OK, so the treasury and private investors are in for a 50-50 split up front, an they share in the eventual profits if the underlying assets regain value and the loans are repaid or losses if they continue to go South. They're trying to create a market for a "shitpile" nobody wants to buy without protection. So far, so good.
If investors select assets wisely, and the assets prove to have good value over the long run, the loans will be repaid, and the hedge fund and Treasury Department split the remaining profits in proportion to their original investment. If the investors choose poorly, or the assets fall significantly in value, the government shares in the initial loss and potentially is required to spend additional money to cover the loan guarantees.
The idea is to get those assets off the books of banks and onto the books of long-term investors who could lose money without causing broader economic damage.

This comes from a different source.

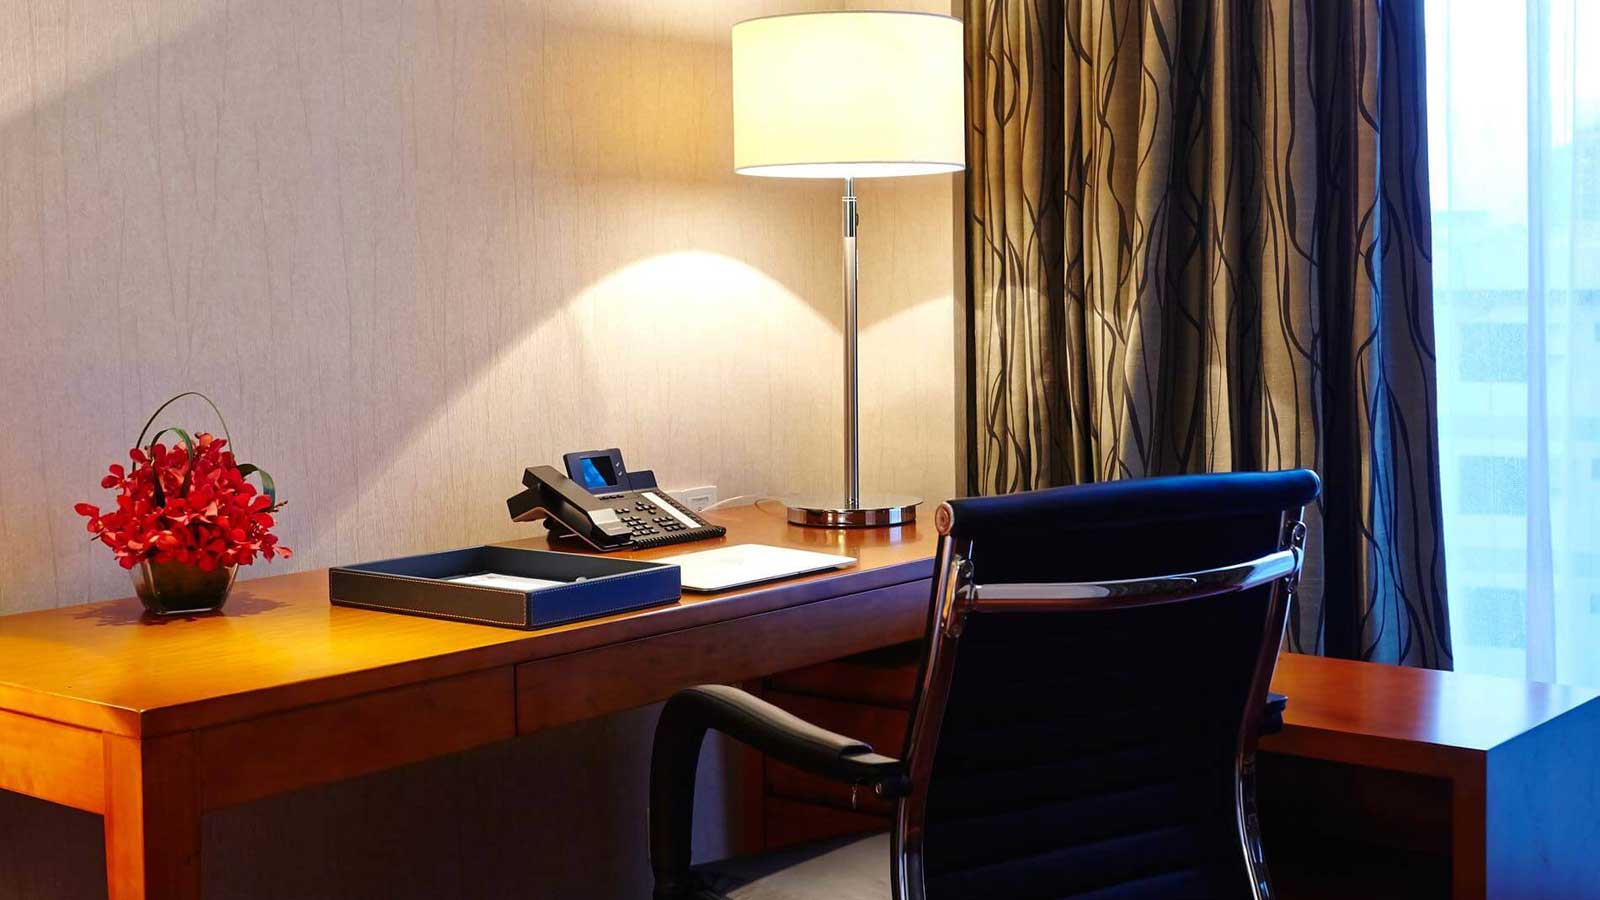 โต๊ะทำงาน - ห้องดีลักซ์ สตูดิโอ - โรงแรม อมารี ธากา บังคลาเทศ

Let’s translate that. The idea is to make sure that investors get into the market by minimizing their potential losses, while making sure that they have some “skin in the game” — that they face some risk. And I think it’s fair to say that this might not be a terrible approach if the housing market — and let’s keep in mind that we’re also talking about commercial credit, consumer credit and other debt-based securities — were stable, or somewhere near a bottom. And there’s the rub — it doesn’t appear to be anywhere in the neighborhood, as Hale Stewart (among others) noted a couple of weeks ago (also, see Dean Baker on the “shadow housing inventory” that’s likely to drag the housing crisis on for a while). Anyway, this is a plan that allows investors to put 6 percent cash down on whatever assets they choose to snatch up — presumably the most attractive in the “shitpile” — and only stand to lose that 6 percent no matter how hard the assets drop. Uncle Sam will pick up the remainder. And that’s in a period of plummeting asset values. Baker again (from February 25):
The data in the December Case-Shiller 20-City index indicate that the rate of housing price decline is continuing to accelerate. The data show that house prices in the 20 cities fell at a rate of 2.0 percent in the month of December and were falling at a 21.3 percent annual rate in the last quarter of 2008.
It is important to remember that these data reflect sale prices in the three month period from October to December. Since there is typically a 6-8 week period between contracts and closing, these data reflect contracts in a period centered on October. This means that the data is already somewhat dated when it is released. If the recent rate of price decline has persisted, prices are already 8 percent lower on average than the data indicate.
For the fourth consecutive month, prices declined in all twenty cities in the index. While prices continue to decline rapidly in former bubble markets, there were also sharp drops in some markets that had been less affected by the bubble. For example, prices in Minneapolis fell 4.1 percent in December and have fallen at a 31.5 percent annual rate over the last quarter. Prices in Atlanta fell 2.0 percent in December and have fallen at a 21.5 percent rate over the quarter.
If we’re not near the bottom in housing — and the larger debt crisis — than this plan is addressing a crisis which at heart is about a debt-ridden economy suddenly deleveraging by offering investors a chance to buy assets on a taxpayer-backed margin account. Bad policy. And, as the WaPo notes, one that may not even have the desired impact. "One particularly treacherous hurdle for the plan," according to the report, "is persuading the private investors to come to the table -- a key to its success." PS: it's also pretty much the definition of "moral hazard."

Joshua Holland is an editor and senior writer at AlterNet.